Application Number: 10/616,848

Abstract

A method, apparatus and computer instructions for handling a failure of a primary adapter in a data processing system. The primary adapter is monitored for the failure by the device driver. A standby adapter handled by the device driver is switched in place of the primary adapter in response to detecting the failure.

Description

Description

BACKGROUND OF THE INVENTION

1. Technical Field

The present invention relates generally to an improved data processing system and in particular, a method and apparatus for processing data. Still more particularly, the present invention provides a method, apparatus, and computer instructions for managing adapters in a data processing system.

2. Description of Related Art

A network data processing system is a system that transmits data between different data processing systems. The network data processing system includes the network operating system in the client and server machines, the cables connecting them and all supporting hardware in between such as bridges, routers and switches. In wireless systems, antennas and towers are also part of the network data processing system.

A server is a data processing system that is shared by a number of other client data processing systems. A server provides data, such as boot files, operating system images, and applications to clients. For example, a Web server provides Web pages to hundreds or even thousands of different clients on a regular basis. One desired feature of a server is to provide uninterrupted networking services for its clients, even in the event of a hardware failure.

For example, if a network adapter fails on a server, another network adapter may be brought into use through a failover mechanism or procedure. A failover mechanisms switches from a primary or current unit to a standby or back-up unit in the event a primary or current unit fails. The time in which a switch between units occurs is critical for some real-time applications. Currently, failover mechanisms for network adapters are handled on the Transmission Control Protocol (TCP)/Internet Protocol (IP) layer with an application in the user space managing the failover process. This current process is lengthy with respect to real-time applications and may result in a loss of data or other interruption in a failover process.

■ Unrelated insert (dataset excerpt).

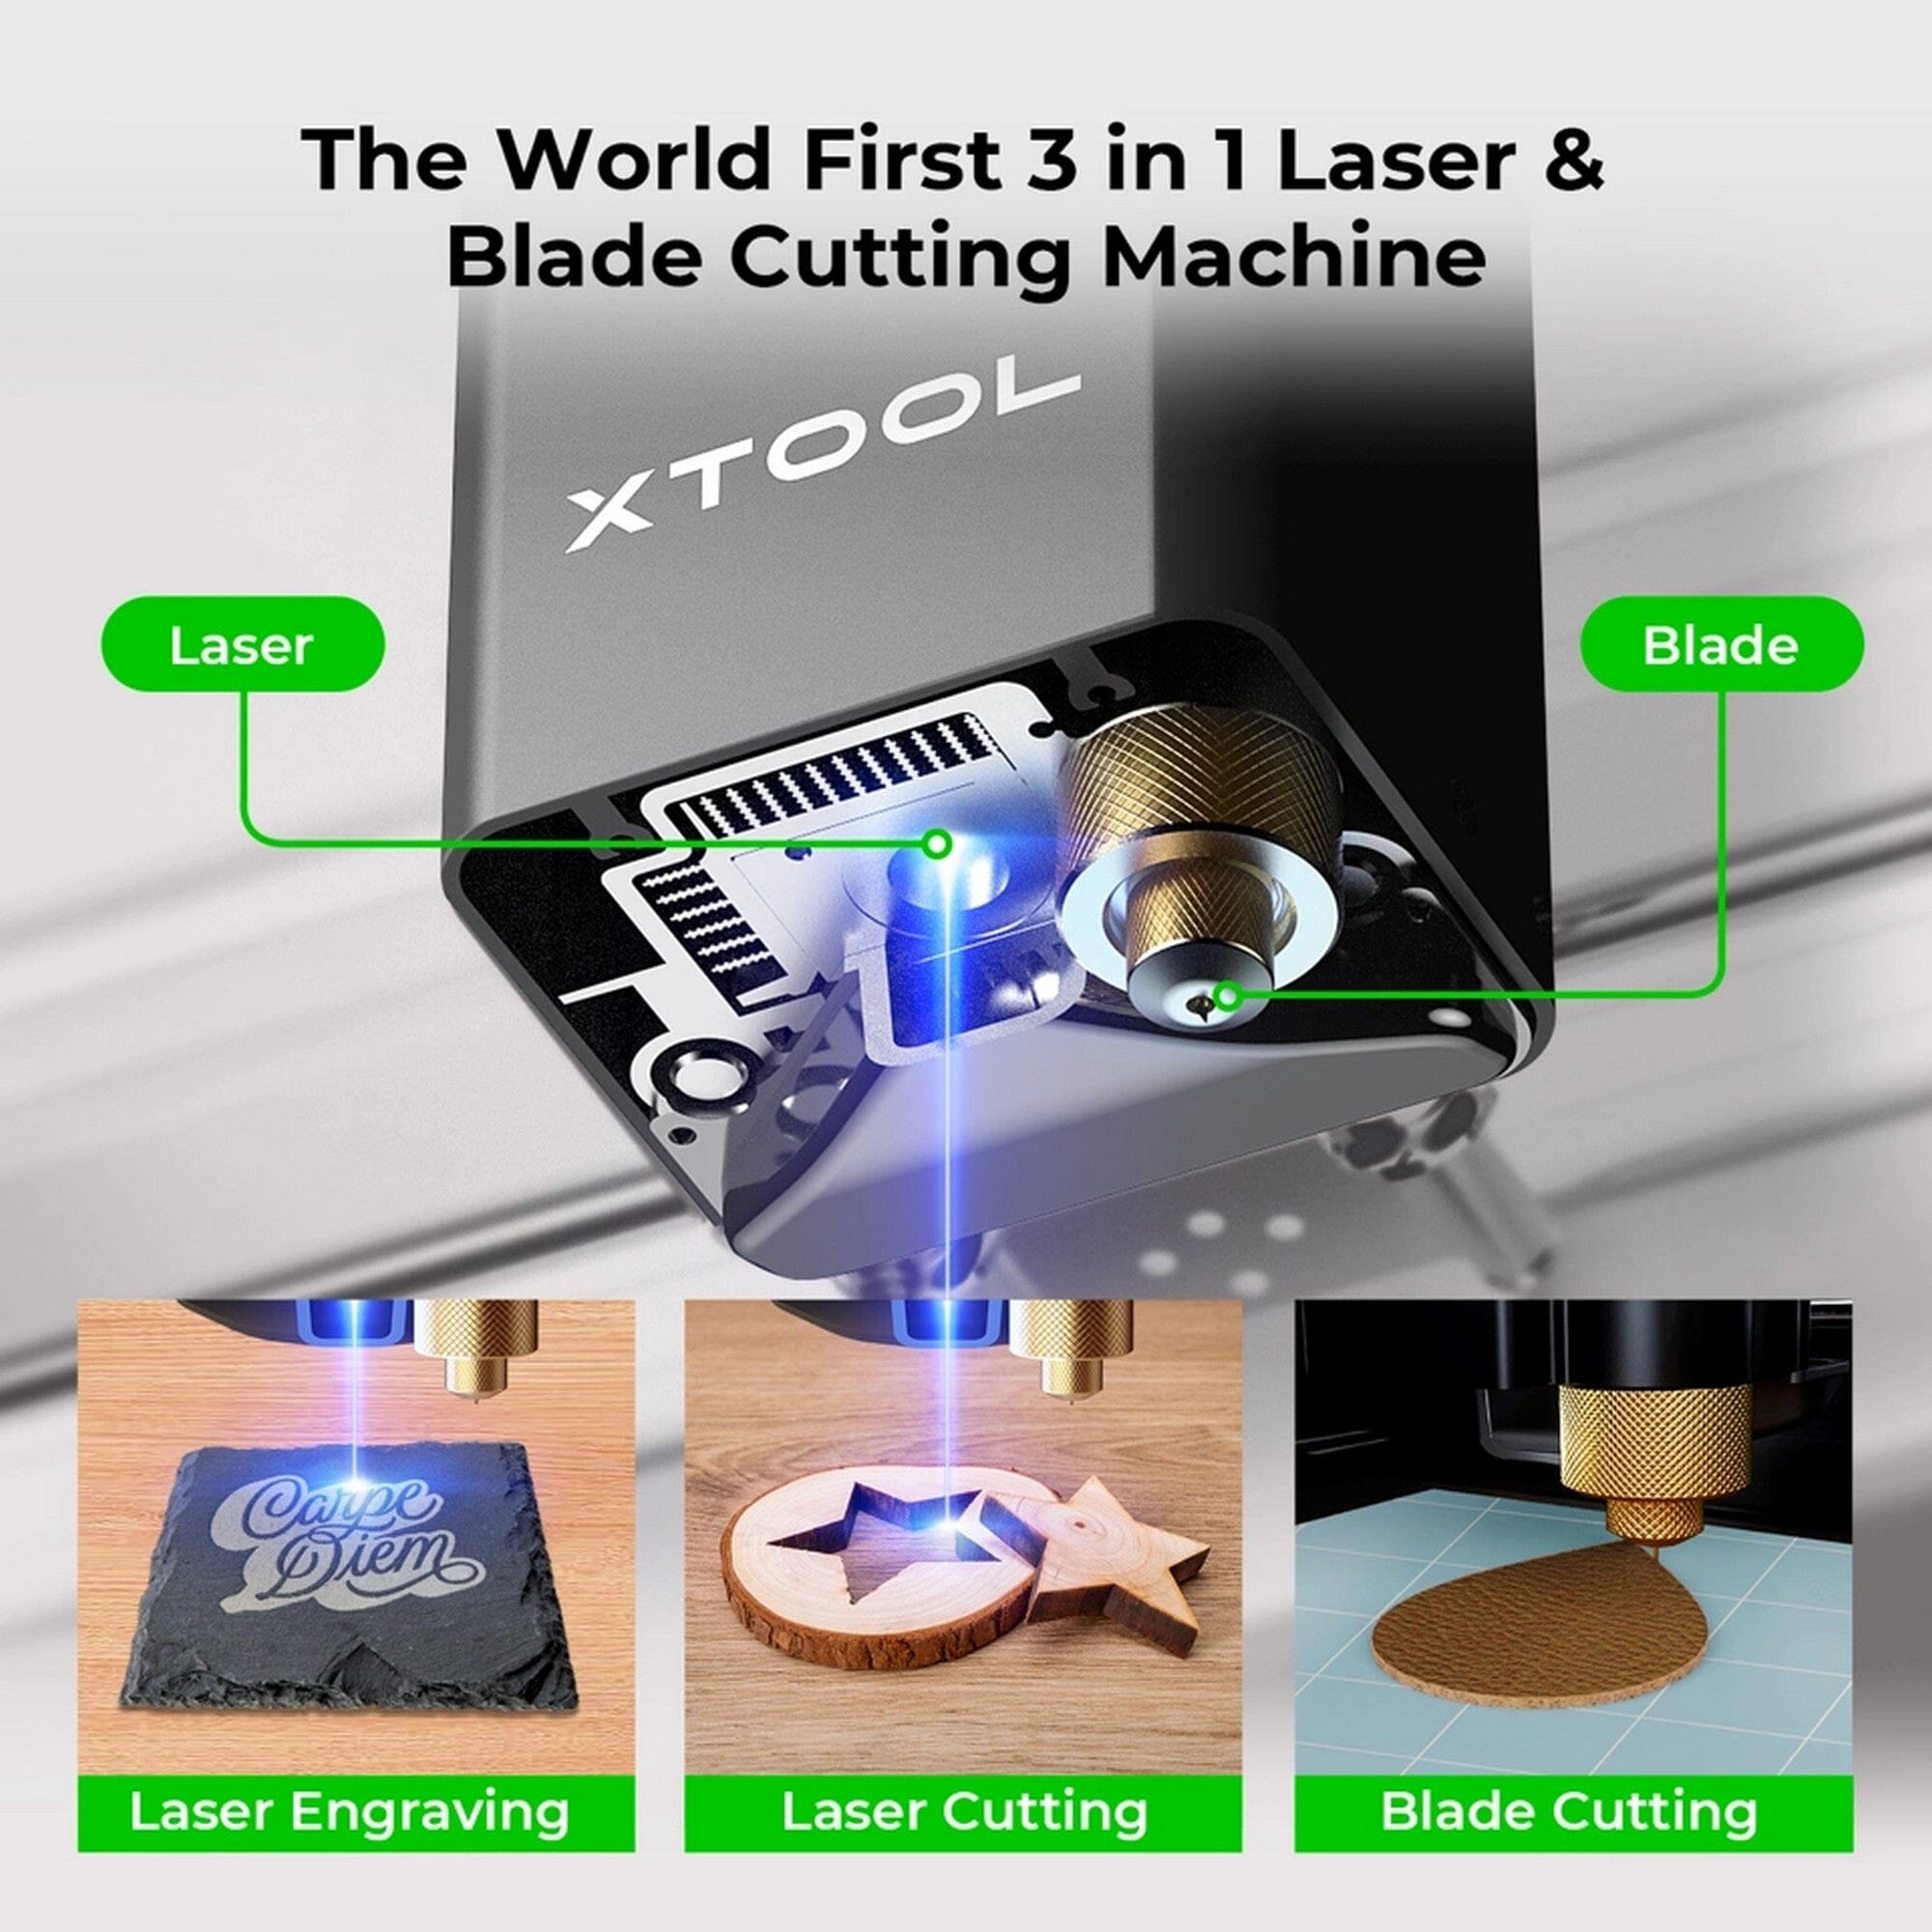 xTool M1-10w Engraver, Compact 3-in-1 Engraving Cutting Engraving

Therefore, it would be advantageous to have an improved method, apparatus, and computer instructions for a failover process for adapters.

SUMMARY OF THE INVENTION

The present invention provides a method, apparatus and computer instructions for handling a failure of a primary adapter in a data processing system. The primary adapter is monitored for the failure by the device driver. A standby adapter handled by the device driver is switched in place of the primary adapter in response to detecting the failure.

BRIEF DESCRIPTION OF THE DRAWINGS

The novel features believed characteristic of the invention are set forth in the appended claims. The invention itself, however, as well as a preferred mode of use, further objectives and advantages thereof, will best be understood by reference to the following detailed description of an illustrative embodiment when read in conjunction with the accompanying drawings, wherein:

FIG. 1 is a block diagram of a data processing system that may be implemented as a server in accordance with a preferred embodiment of the present invention;

FIG. 2 is a diagram illustrating a conventional known failover architecture in accordance with a preferred embodiment of the present invention;

FIG. 3 is a diagram illustrating a failover architecture in accordance with a preferred embodiment of the present invention; and

FIG. 4 is a flowchart of a process for managing network adapters is in accordance with a preferred embodiment of the present invention.

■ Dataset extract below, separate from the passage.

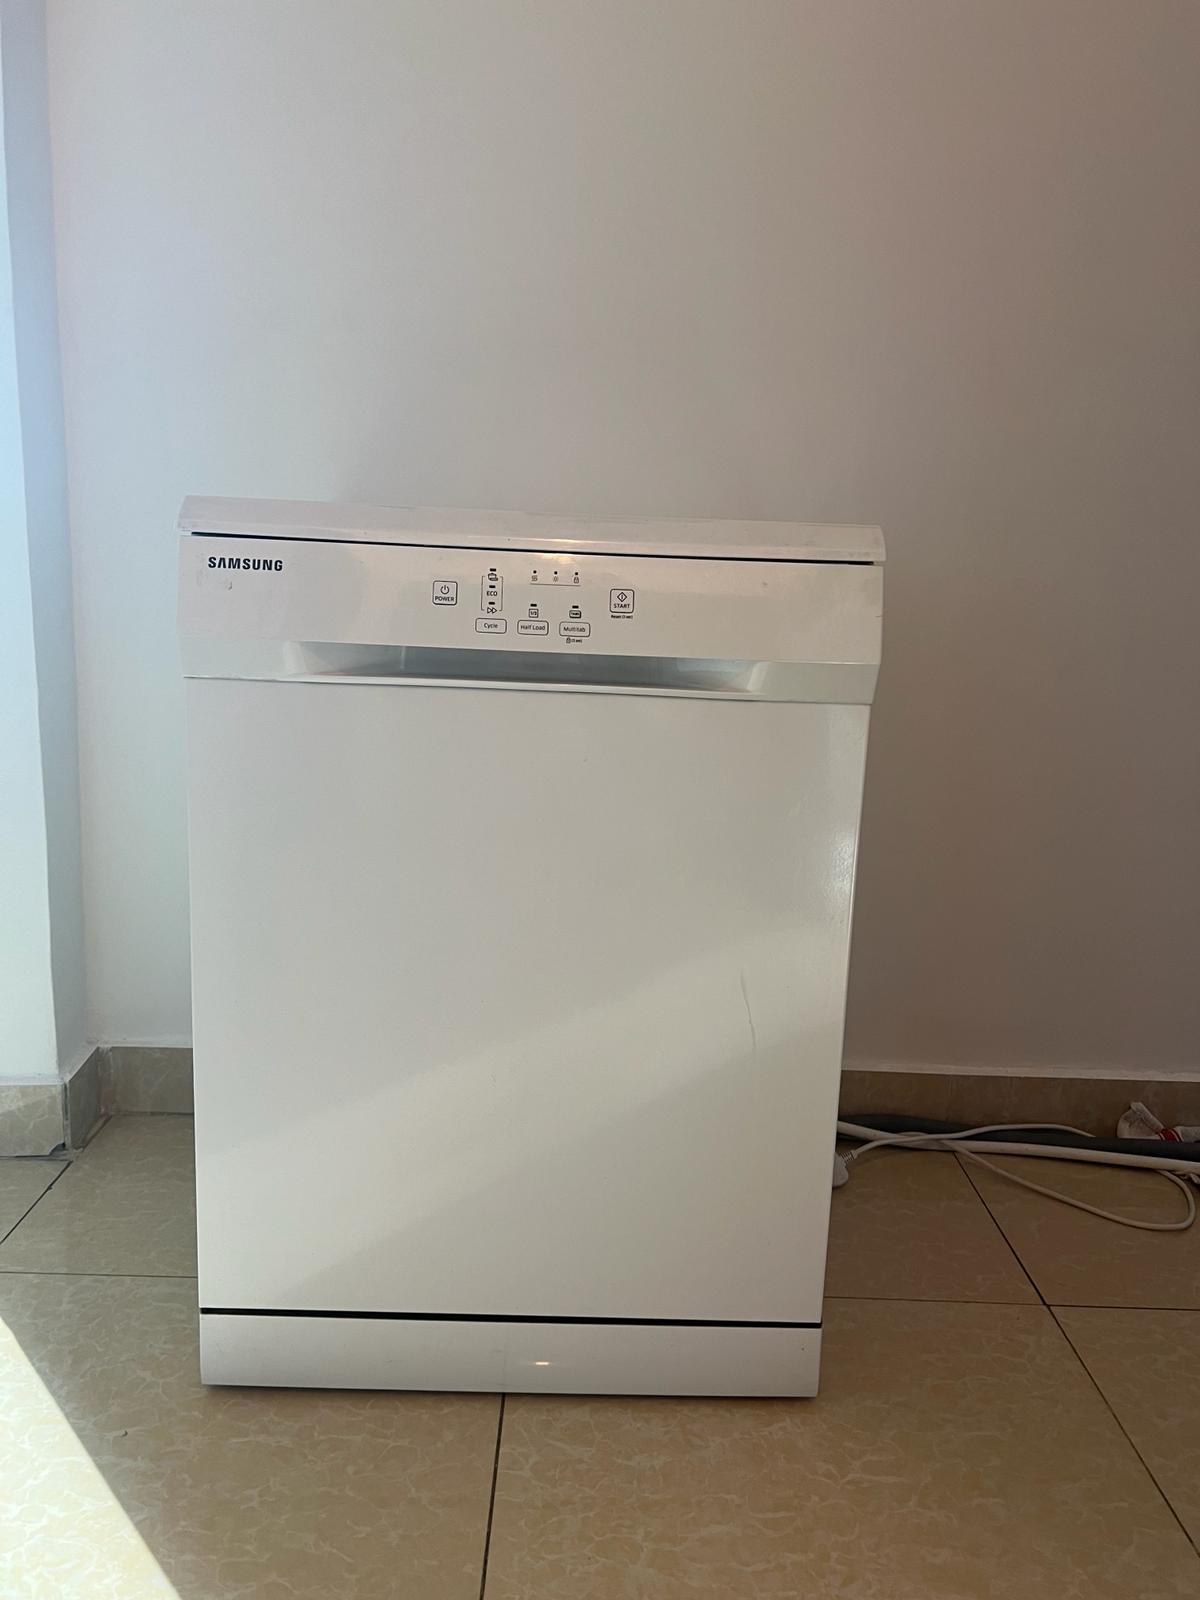 Good Condition Samsung Dish Washer for Sale

DETAILED DESCRIPTION OF THE PREFERRED EMBODIMENT

Referring to FIG. 1, a block diagram of a data processing system that may be implemented as a server is depicted in accordance with a preferred embodiment of the present invention. Data processing system 100 may be a symmetric multiprocessor (SMP) system including a plurality of processors 102 and 104 connected to system bus 106. Alternatively, a single processor system may be employed. Also connected to system bus 106 is memory controller/cache 108, which provides an interface to local memory 109. I/O bus bridge 110 is connected to system bus 106 and provides an interface to I/O bus 112. Memory controller/cache 108 and I/O bus bridge 110 may be integrated as depicted.

Peripheral component interconnect (PCI) bus bridge 114 connected to I/O bus 112 provides an interface to PCI local bus 116. A number of modems may be connected to PCI local bus 116. Typical PCI bus implementations will support four PCI expansion slots or add-in connectors. Communications links to clients may be provided through network adapter 118 and network adapter 120 connected to PCI local bus 116 through add-in boards.

Additional PCI bus bridges 122 and 124 provide interfaces for additional PCI local buses 126 and 128, from which additional network adapters or modems may be supported. In this manner, data processing system 100 allows connections to multiple network computers. A memory-mapped graphics adapter 130 and hard disk 132 may also be connected to I/O bus 112 as depicted, either directly or indirectly.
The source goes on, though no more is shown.